Homology Medicines’ genetic medicines platform has the potential to treat and cure a wide range of genetic diseases through gene editing or gene therapy.

We are initially working to cure monogenic diseases, or diseases that are caused by a defect in a single gene. We are prioritizing diseases with significant unmet medical need and validated regulatory pathways to bring new treatments forward as rapidly as possible.

For each target, we are deploying either a gene therapy or gene editing approach based on disease biology. In both approaches, we are using our proprietary human hematopoietic stem cell-derived adeno-associated virus vectors (AAVHSCs) to deliver the treatment to patients.

Gene editing involves the insertion of a corrected gene directly into the genome. With gene editing, a person’s DNA is permanently corrected. This approach can potentially be curative including in rapidly dividing cells (e.g., hematopoietic CD34+ cells and pediatric liver cells).

Gene therapy involves the transfer of corrected genes to specific cells in the body. With gene therapy, the genes do not integrate into the genome. This approach can be potentially curative in slow- or non-dividing cells (e.g., adult liver or central nervous system).

Homology’s Genetic Medicines Pipeline

*Homology retains U.S. rights to in vivo programs; Novartis has ex-U.S. rights and worldwide rights to ex vivo programs.
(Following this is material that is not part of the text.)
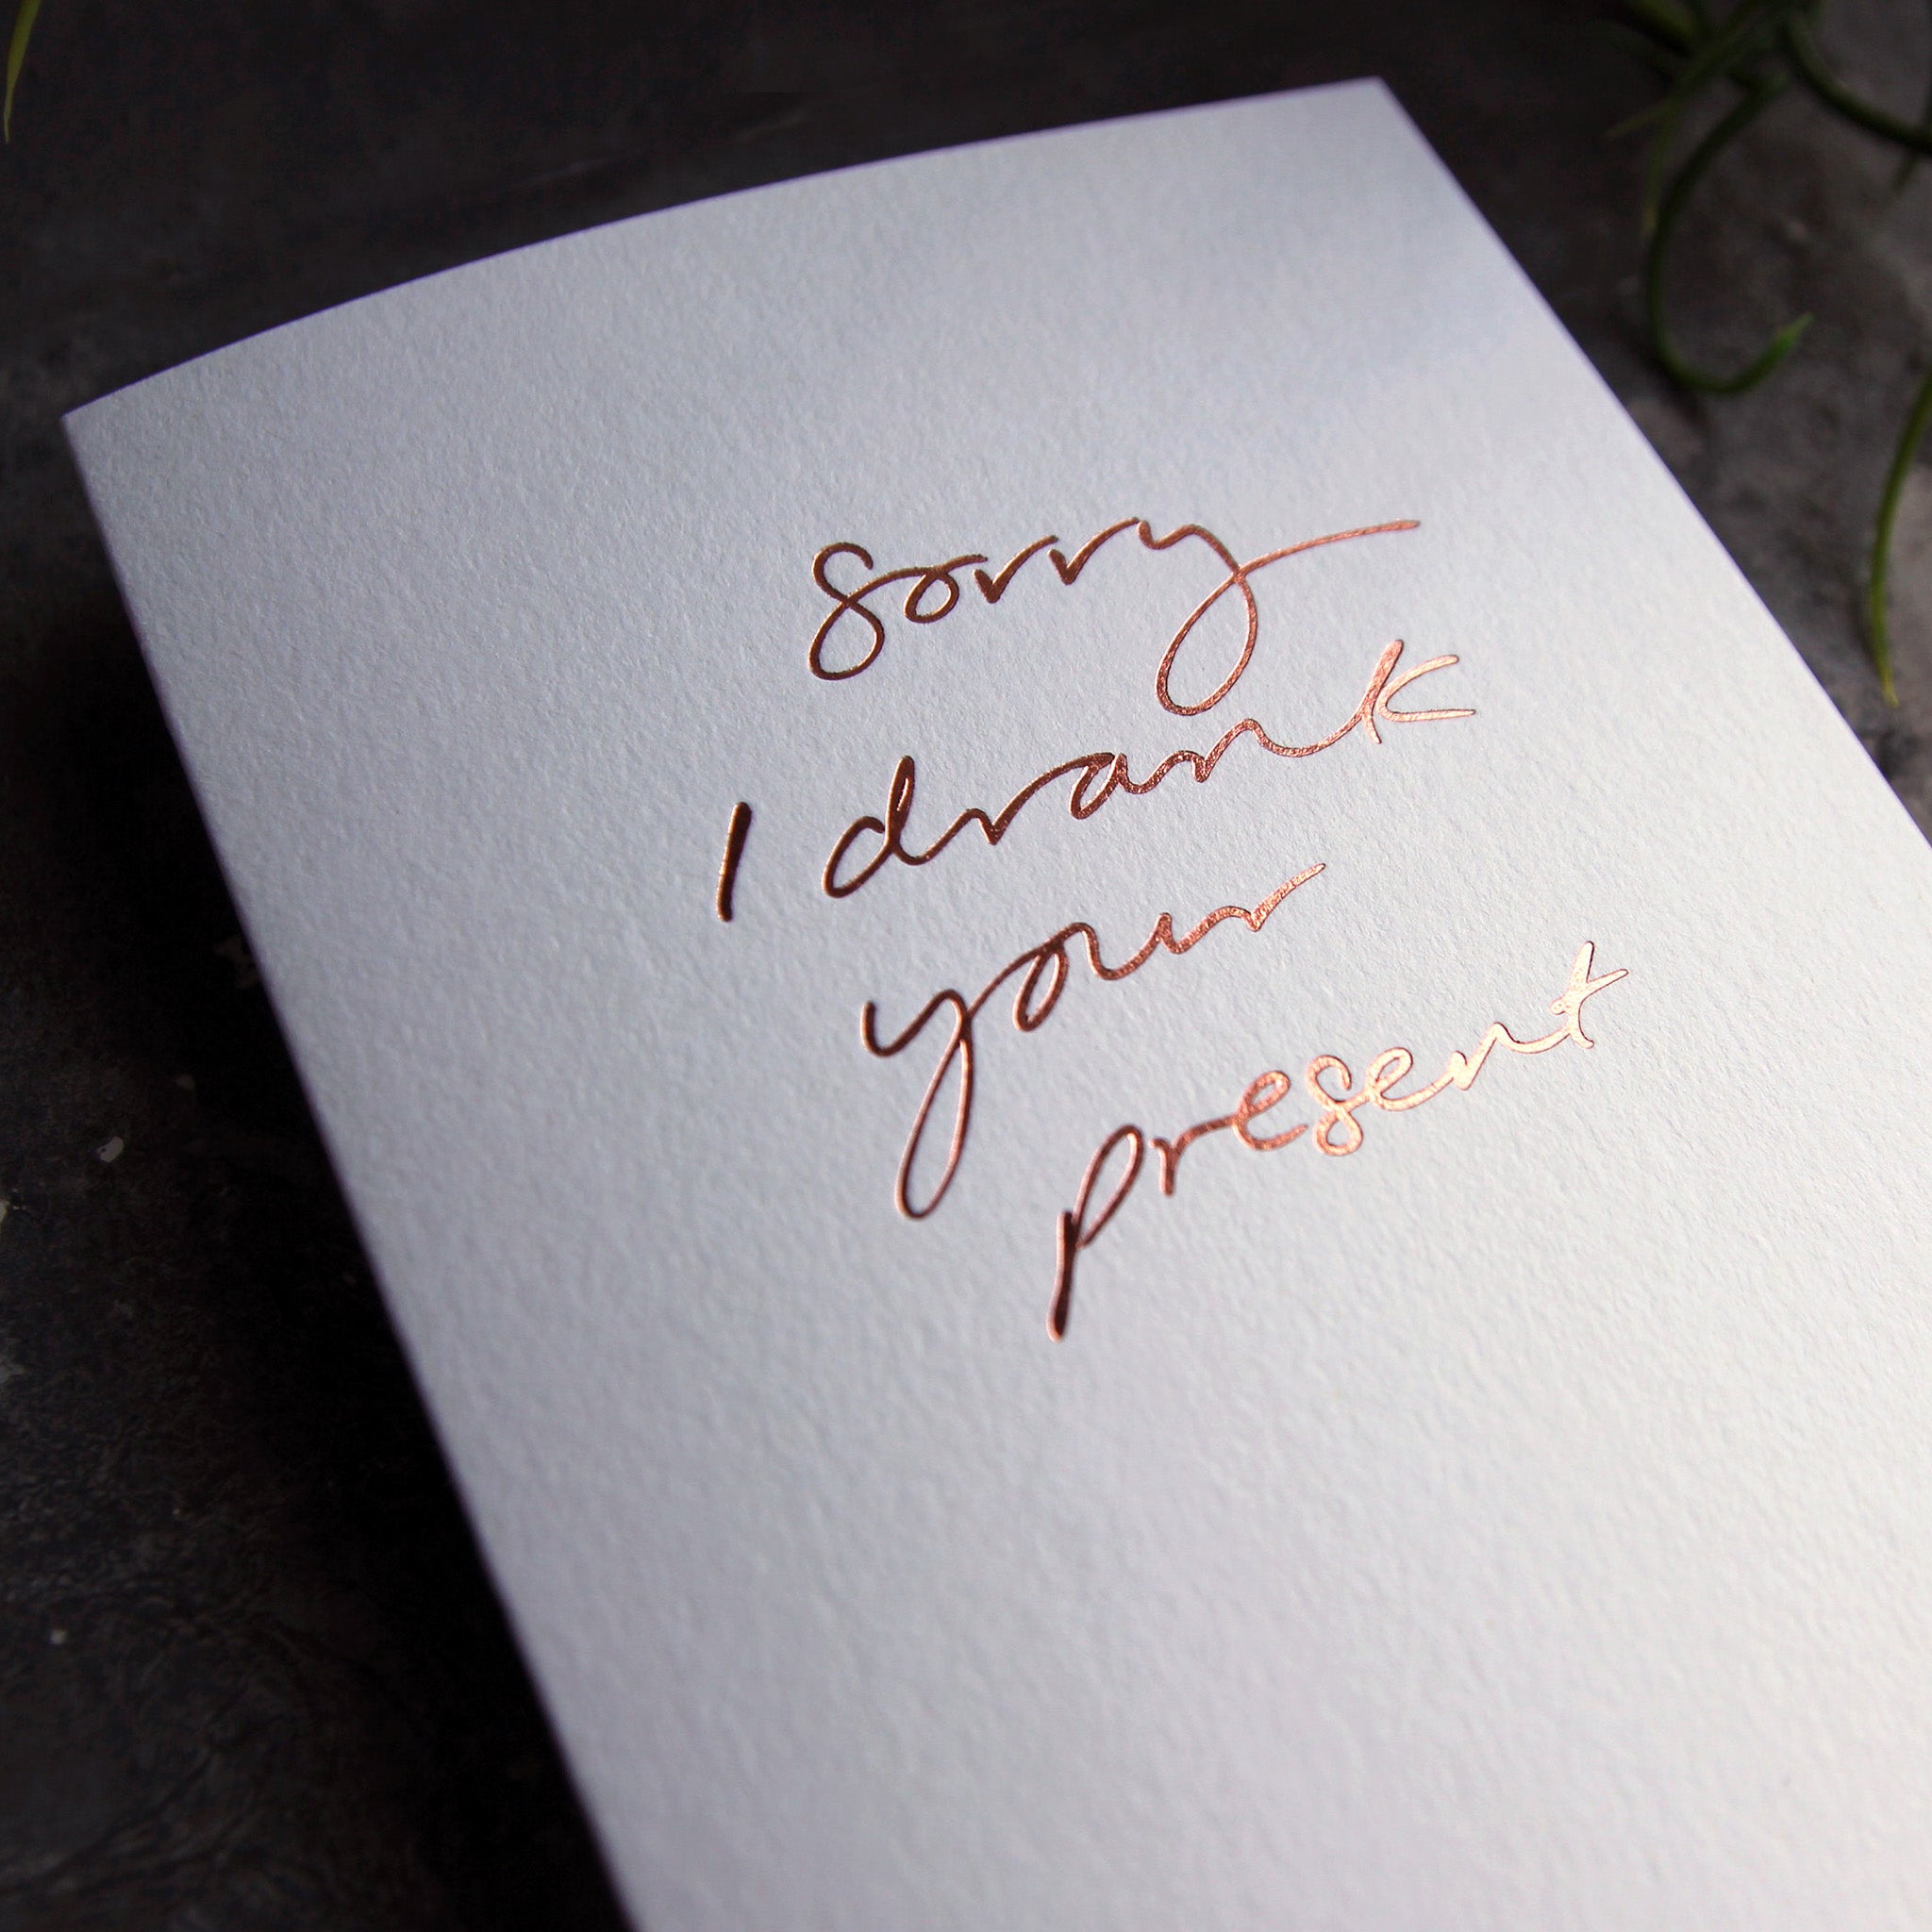 Close up of luxury white greetings card with "Sorry I Drank Your Present" handwritten in the front and hand printed in rose gold foil on a grey background with some green plant leaves at the side.

Adult Phenylketonuria (PKU)
Our most advanced product candidate is a gene therapy treatment (HMI-102) for phenylketonuria, or PKU. PKU is a rare inborn error of metabolism caused by a mutation in the PAH gene. PKU results in a loss of function of the enzyme phenylalanine hydroxylase, which is responsible for the metabolism of phenylalanine (Phe), an amino acid obtained exclusively from the diet. If left untreated, toxic levels of Phe can accumulate in the blood and result in progressive and severe neurological impairment. Currently, there are no treatment options for PKU that target the underlying genetic cause of the disease. It has been estimated that PKU affects nearly 15,000 people in the U.S. with a worldwide prevalence of 50,000 people.

We are in IND-enabling studies with HMI-102, a gene therapy candidate designed to address the genetic cause of the disease by delivering functional copies of the PAH gene to adult patients via our proprietary AAVHSCs. HMI-102 was granted Orphan Drug Designation by the U.S. Food and Drug Administration.